In many cases, a modern C compiler with warnings turned on will catch simple examples of this, but there’s one programming pattern where the compiler cannot help you because the code itself is relying on type confusion enabled by guarantees in the language standard. And unlike most other modern (and even not that modern) languages rule this behavior out. That pattern is hand-rolled inheritance.
Let’s take a look at an example. Let’s say we want to have a linked list containing multiple types of objects. Here’s one approach.
enum {
FOO_TYPE,
BAR_TYPE,
};
struct Foo {
// Common members.
int type;
char *name;
struct Foo *next;
// Unique members.
char *data;
};
struct Bar {
// Common members.
int type;
char *name;
struct Foo *next;
// Unique members.
long x;
};
Notice that both struct Foo
and struct Bar
have the same 3 initial members in common, a type field, and name, and a next pointer.
Structures in C are laid out in memory sequentially (possibly with padding for alignment reasons) C23 §6.7.2.1. The upshot is that we can convert a pointer to a struct Foo
into a pointer to a struct Bar
and then access the members the three members in common. Here’s an example that walks such a linked list and prints out the name field of each element in the list.
void print_list(struct Foo *head_of_list) {
for (struct Foo *p = head_of_list; p != NULL; p = p->next) {
puts(p->name);
}
}
Notice that even if some of the members of the list are struct Bar
, this code works correctly because the only members that are accessed are name
and next
and those are in the same location in struct Bar
.
The problem comes in when you decide to access one of the unique members. Let’s update our print_list
function.
void print_list(struct Foo *head_of_list) {
for (struct Foo *p = head_of_list; p != NULL; p = p->next) {
printf("%s: %s\n", p->name, p->data);
}
}
The problem, of course, is that we’ve tried to access the data
member of a struct Bar
. This is type confusion. It’s undefined behavior. The compiler is free to do anything it wants with this code except that it cannot tell that the code has any bugs so it’s likely to treat the data it gets from p->data
as a pointer to a string and then try to print it. Since long
and char *
usually have the same alignment and size, this means we’ll be using the x
member of the struct Bar
as if it were a pointer. This example is likely to crash.

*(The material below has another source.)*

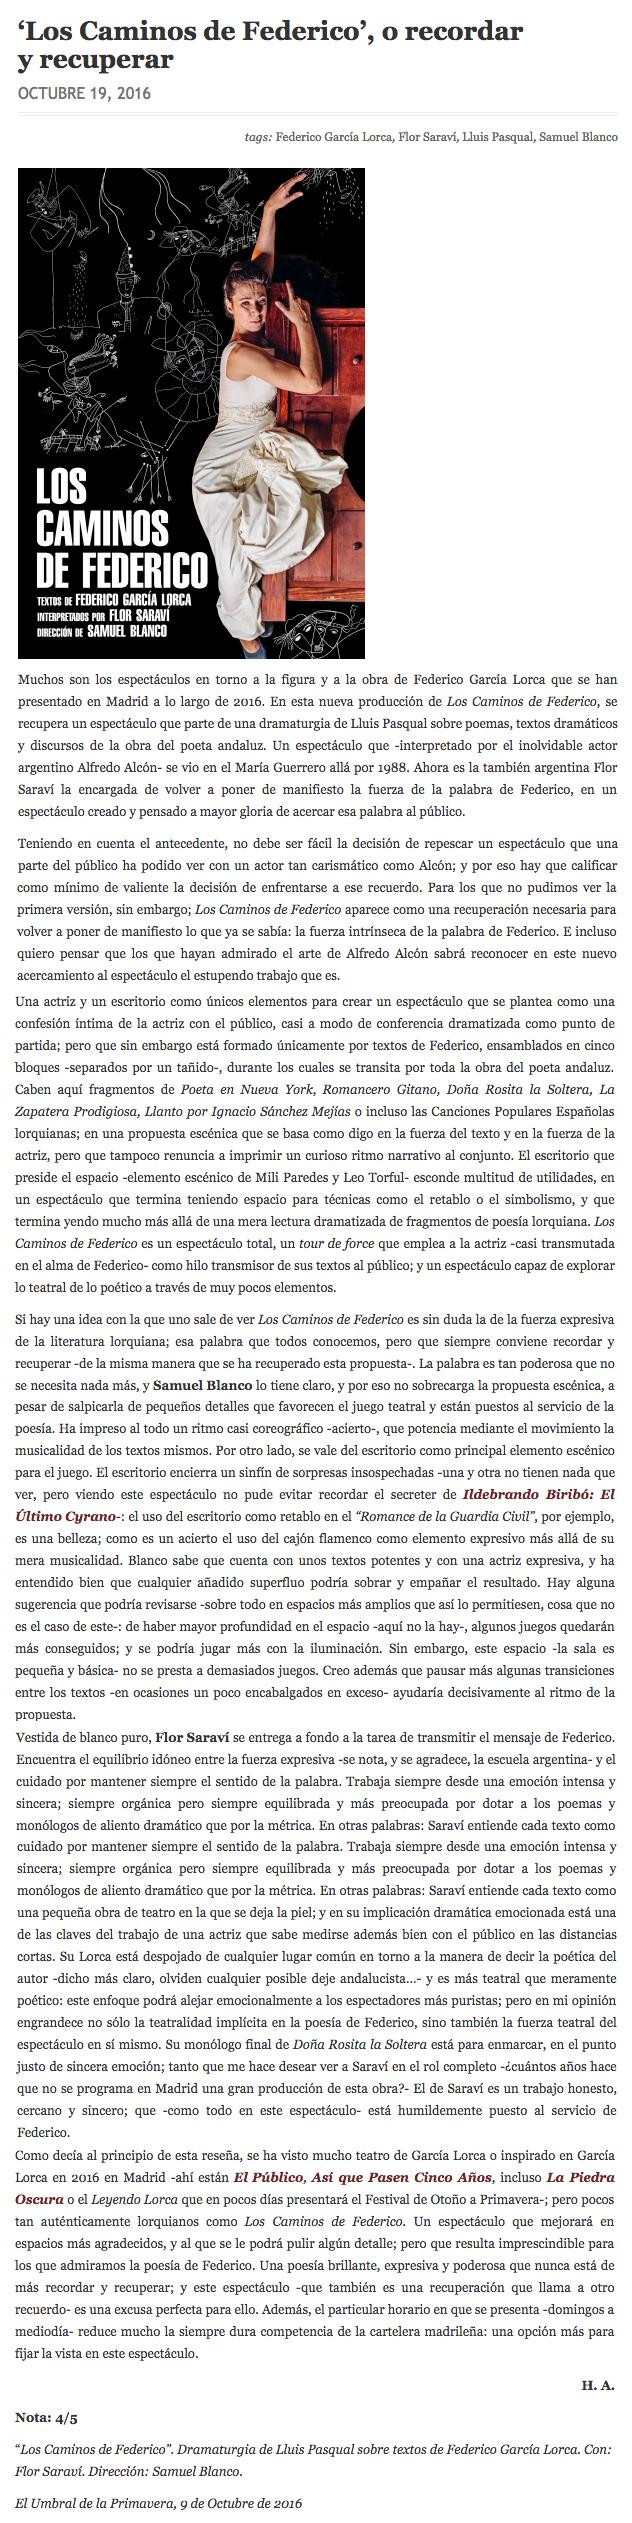 critica-butaca-en-anfiteatro-x-16
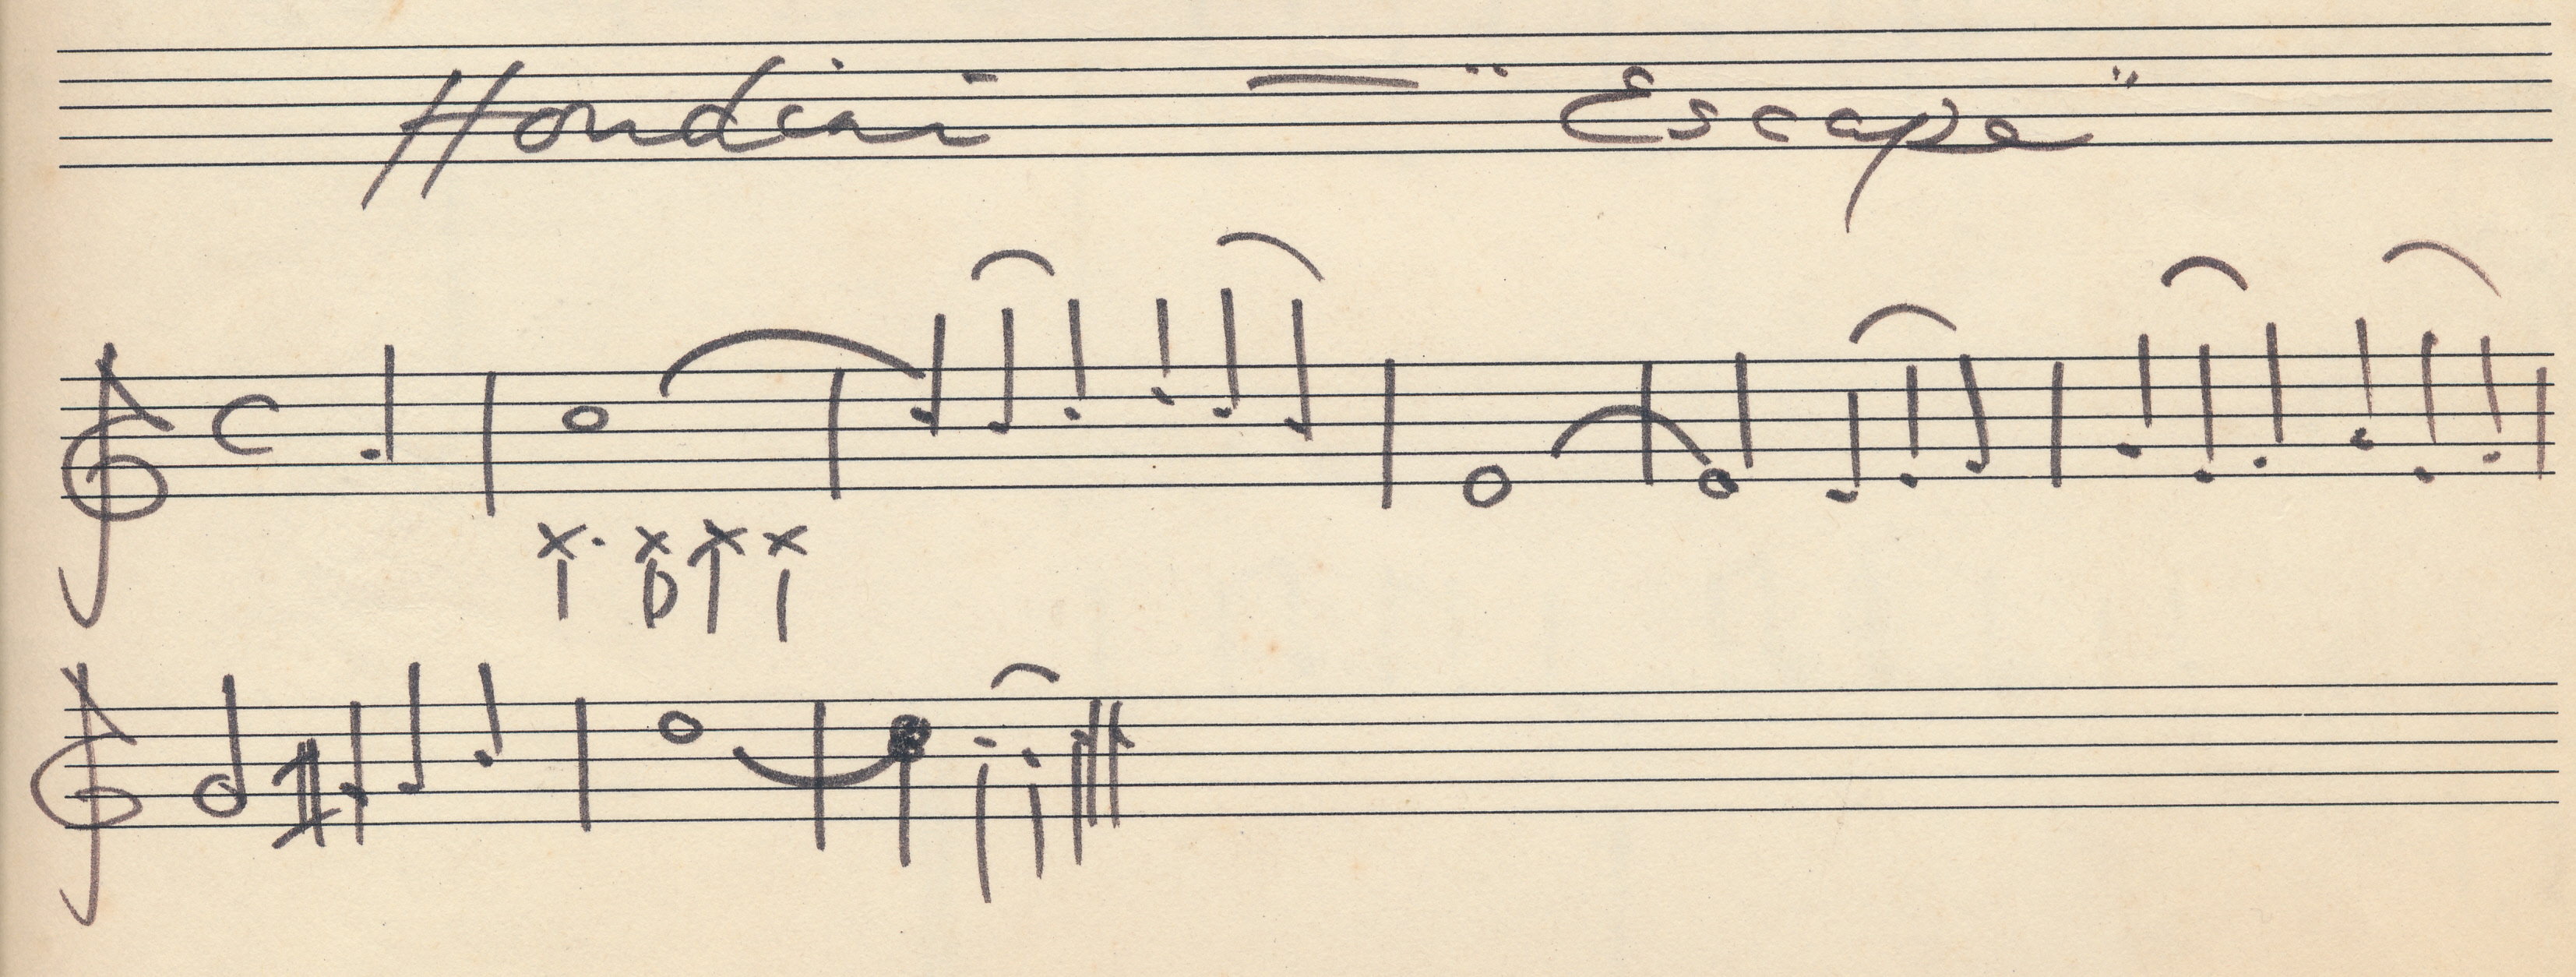 Anthony Burgess music

The fix is simple: Don’t access a member unless you know the type of the structure is what you expect. Since C cannot help us here, we have to use the type
member to disambiguate. This leads to the following correct code.
void print_list(struct Foo *head_of_list) {
for (struct Foo *p = head_of_list; p != NULL; p = p->next) {
if (p->type == FOO_TYPE) {
printf("%s: %s\n", p->name, p->data);
} else {
struct Bar *b = (struct Bar *)p;
printf("%s: 0x%lX\n", b->name, b->x);
}
}
}
Here’s a link to Compiler Explorer with this code if you want to play with it.
C is the problem
The root of the issue here is that C enables this style of code but provides no tools to help you use it safely. Most modern languages simply disallow it and provide users with tools to deal with it.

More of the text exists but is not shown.